Beebe was hovering over Joel now, begging him to move his hand, a leg, anything. Mary was the godmother of Stan’s youngest child. Stan and Joel were both adherents of minority religions, Joel a Christian Scientist, Stan a Seventh-Day Adventist. I’d kept out of their frequent dialogues on religion, although there was plenty I might have brought to the table.
Beebe couldn’t get a blood pressure, tried twice more, and handed the ears to Karrie. It wasn’t like Stan to fumble a blood pressure, and I could tell he felt bad about it. Tears jeweled the corners of his dark eyes when he handed Karrie the stethoscope.

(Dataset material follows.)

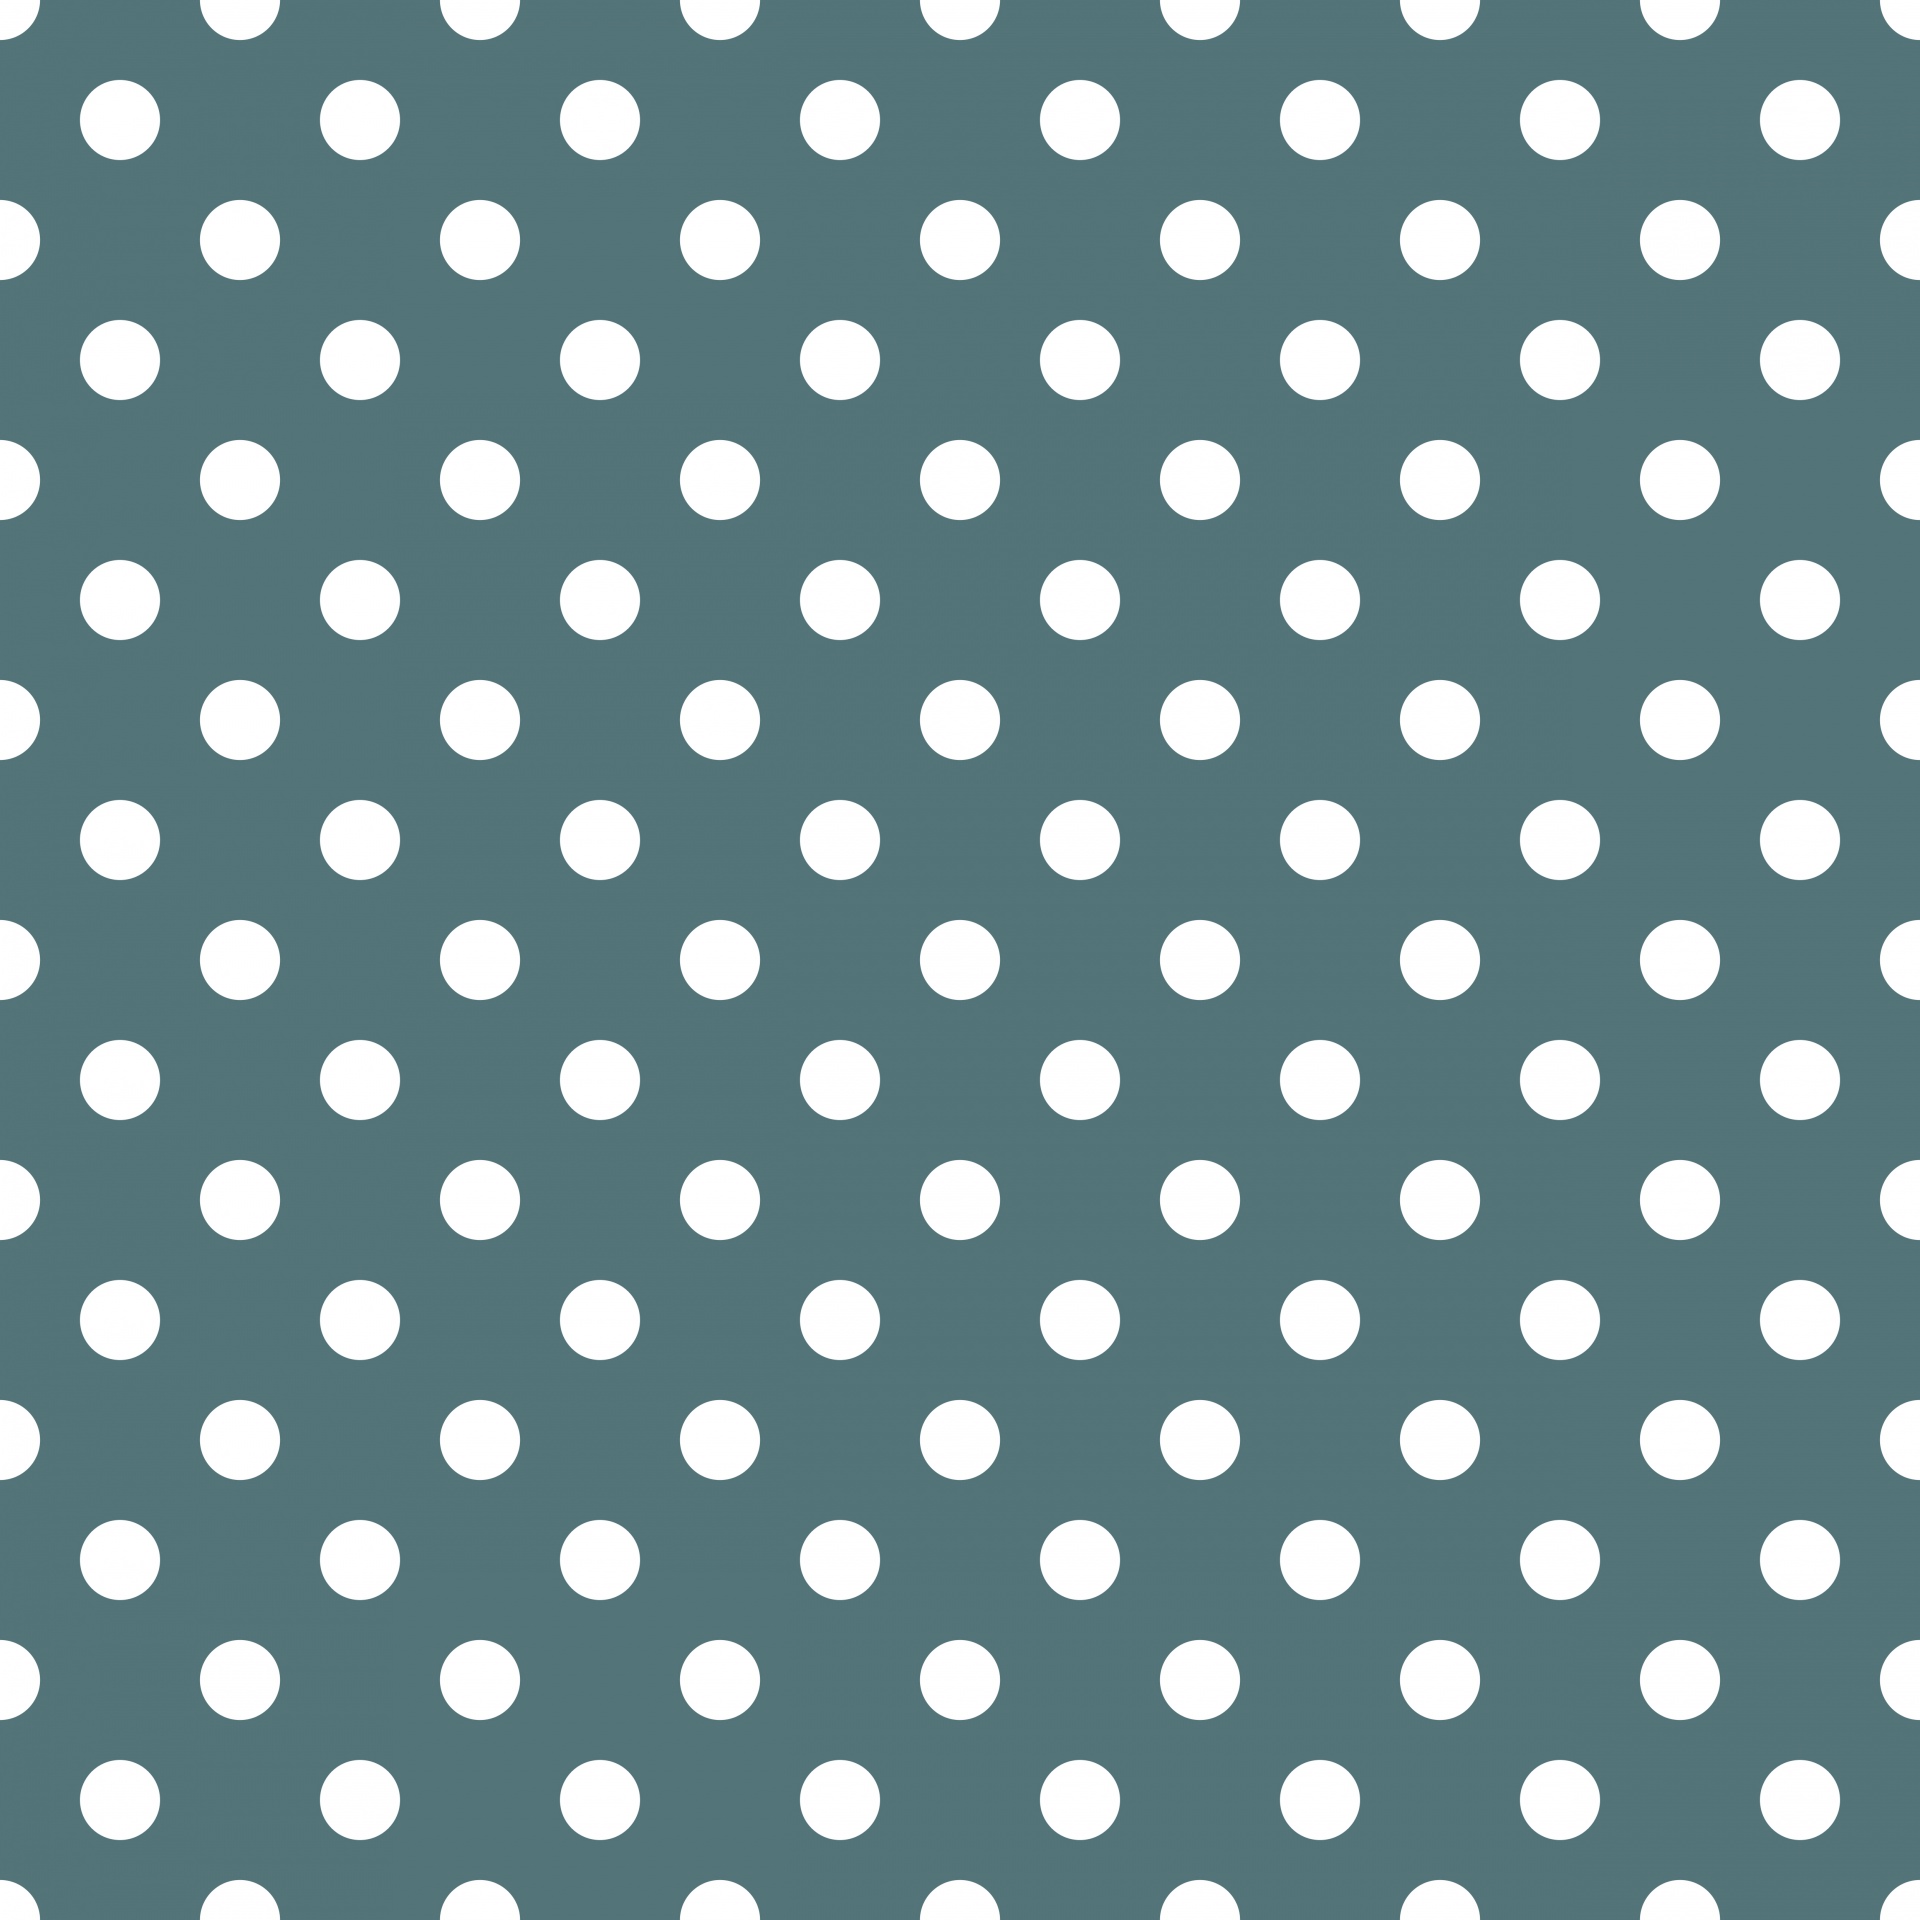 Polka Dots Background

“Look at his hands,” said Beebe, presenting his own for comparison. Joel’s looked as if they’d been dipped in wax. Beebe’s looked similar, though because of his dark skin, they were a slightly different hue.
“Chapped?” I asked.
“Guess again,” Beebe said.
The medics showed up, looked Joel over, phoned his doctor, and agreed with what we’d already concluded. Joel wasn’t any different this afternoon than he had been yesterday afternoon.
The medics had just driven away and we were putting our aid kits away when the red Pontiac pulled up in the cul-de-sac.
The driver of the Pontiac got out and stalked around the front of the car, her movements looking so much like those of an assassin, I actually caught myself checking to see if she had a gun. When somebody walks toward you that deliberately, you’re usually in some sort of trouble.